Japan actually began its QE program in 2001, long before anyone else, to deal with the aftermath of the 1990 Japanese stock market crash and a massive demographic headwind (they’re not making Japanese anymore).

Some 20 years later, the Japanese government now owns virtually all of the debt in the country. When you hear about Japan’s prodigious 240% debt to GDP ratio, it’s all nonsense. Net out government holdings and there is no national debt in Japan at all. That’s why the Japanese yen is consistently strong.

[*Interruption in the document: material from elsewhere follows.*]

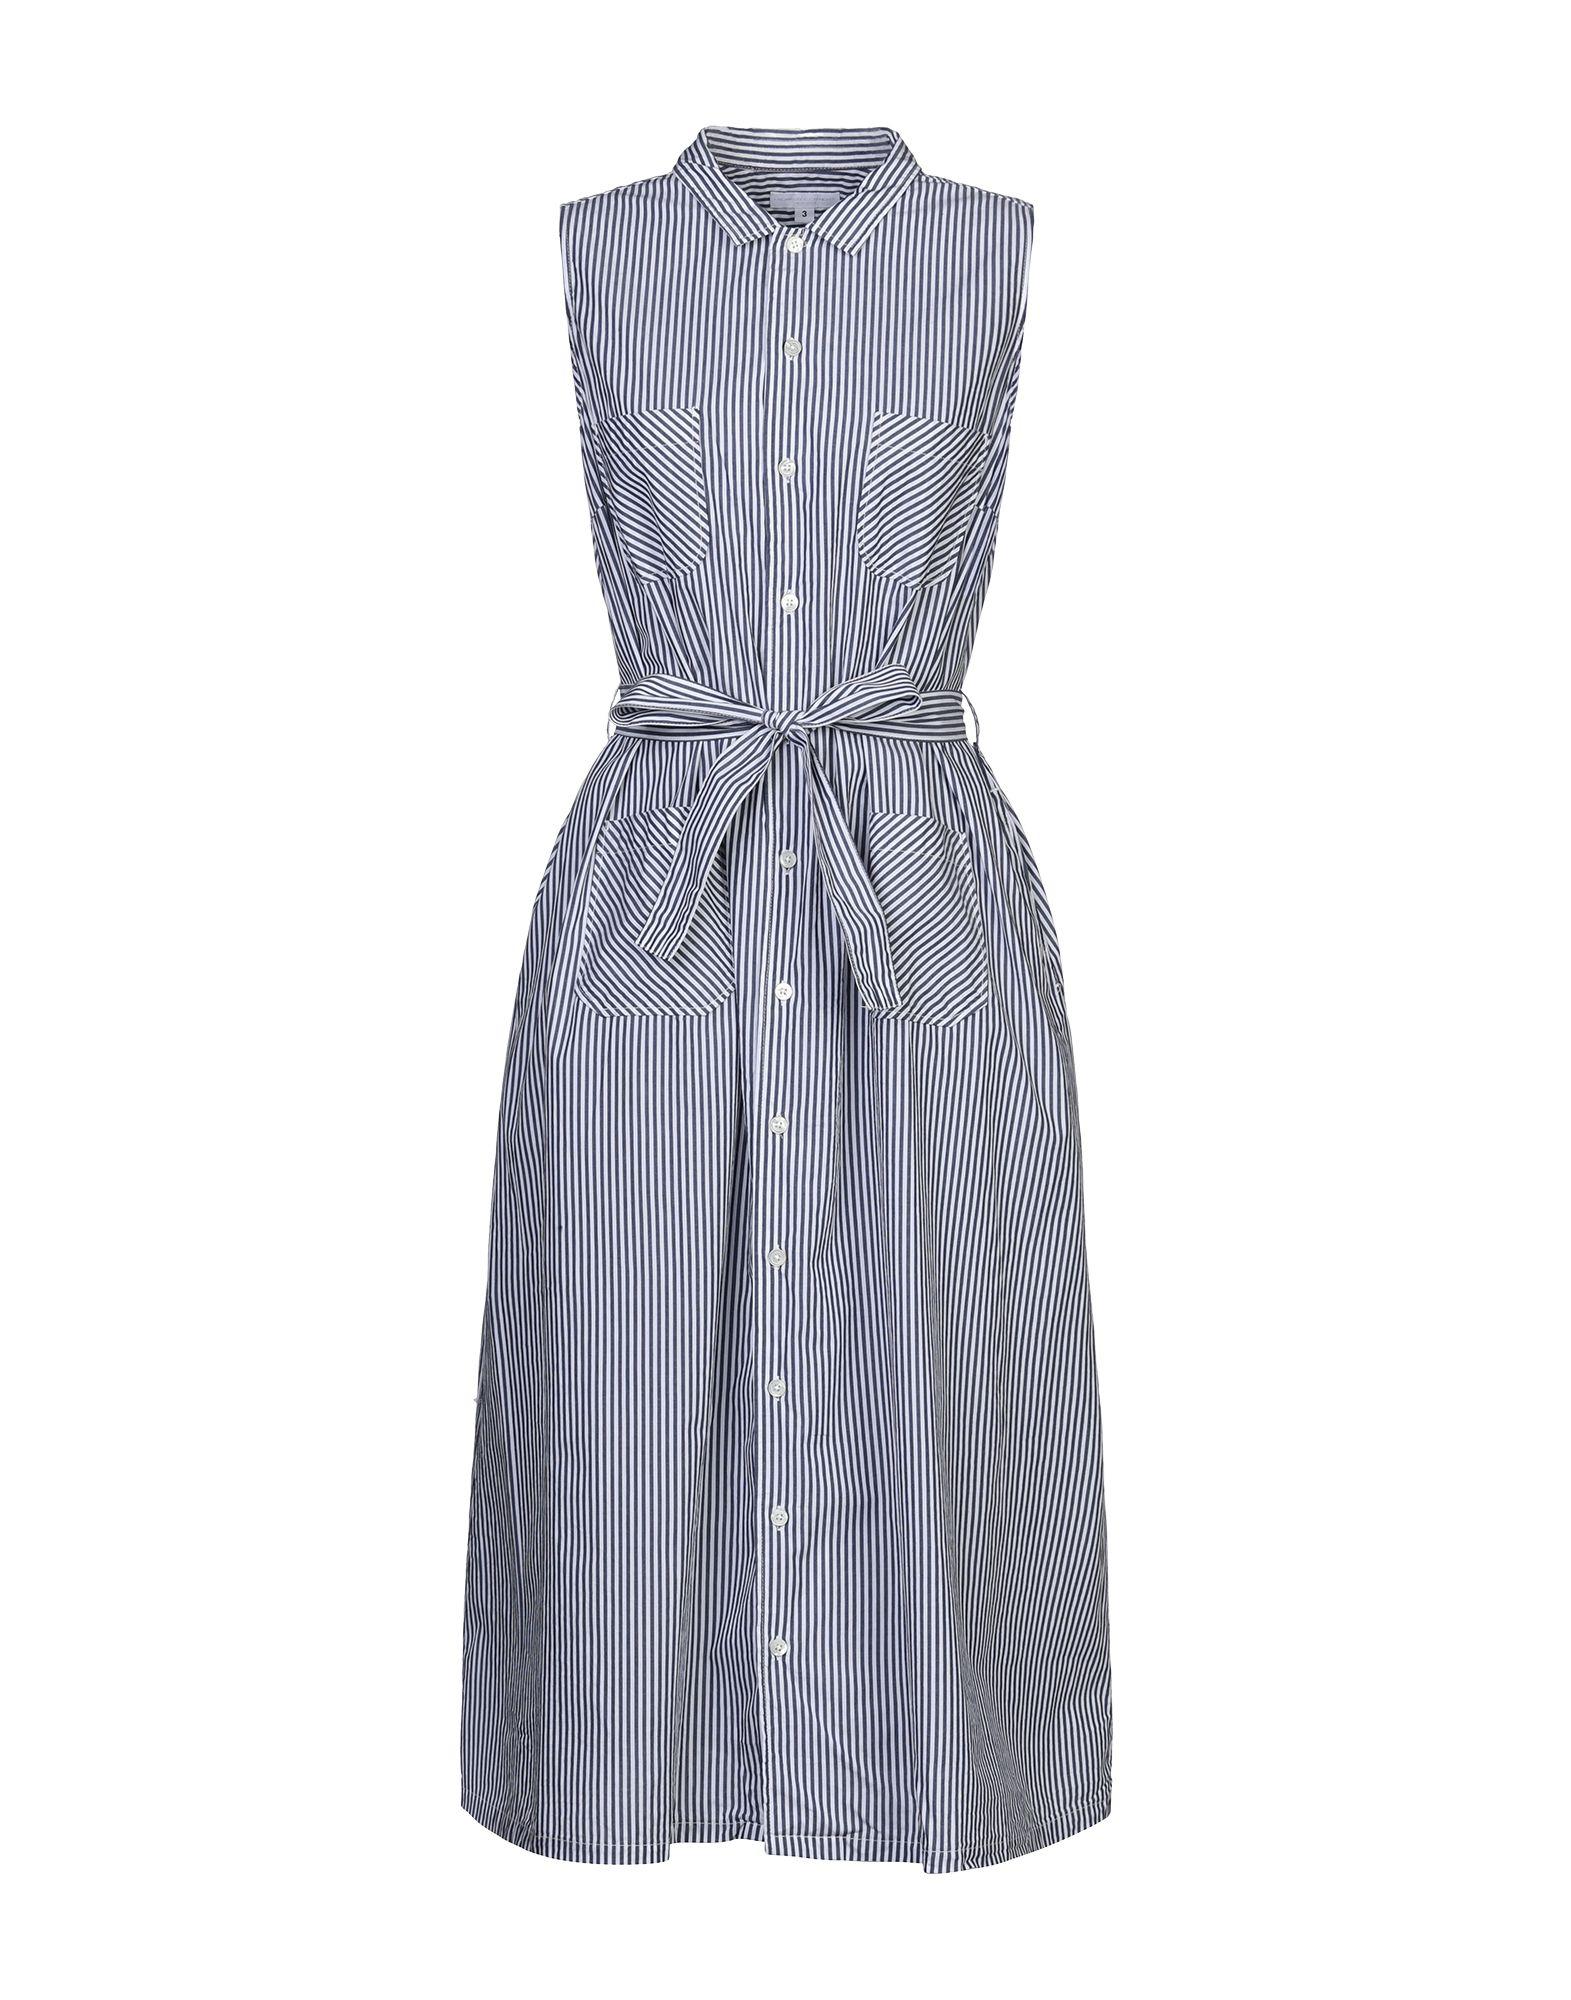 ENGINEERED GARMENTS Платье длиной 3/4 f w k engineered garments куртка

After the 2008 crash, the Japanese government expended its QE to include equities as well. As a result, the government is now the largest single buyer of stocks in the Land of the Rising Sun. The Nikkei Average has risen by 234% since the 2009 bottom despite a miserable economic performance, and the yield on 10-year JGBs stand at a lowly 0.03%.

The European Central Bank got into the QE game very late, not until 2015, and its program continues anew, although at half its peak rate. The ECB has just renewed its plan to print a ton of new money.

Part of the problem is that the ECB is running out of bonds to buy, as it already owns most of the paper issued by European entities. That’s why 10-year German bunds are yielding a paltry -0.50%.

As a result, there is excess liquidity everywhere and this has broad implications for your investment or retirement portfolio. It could take as long as a decade before all of this artificial cash is removed from the global financial system.

For a start, bonds may not fall much from here, even if the Fed continues its near-zero interest rate policy for three more years, as promised.

Stocks can’t fall either with this much cash underpinning the market, at least not for a while and not by much. While company share buybacks have virtually disappeared this year, foreign investors have stepped in to pick up the slack.

It also means you can’t have a global contagion leading to a financial crisis. There is ample money available to refinance your way out of any problem when 70% of the world’s debt is still yielding close to zero.

The bottom line here is that global excess liquidity can cover up a multitude of sins. It means the price of everything has to go up, or at least stay level until that liquidity runs out. That includes stocks, bonds, your home, classic cars, and even that rare coin collection of yours gathering dust in a safe deposit box somewhere.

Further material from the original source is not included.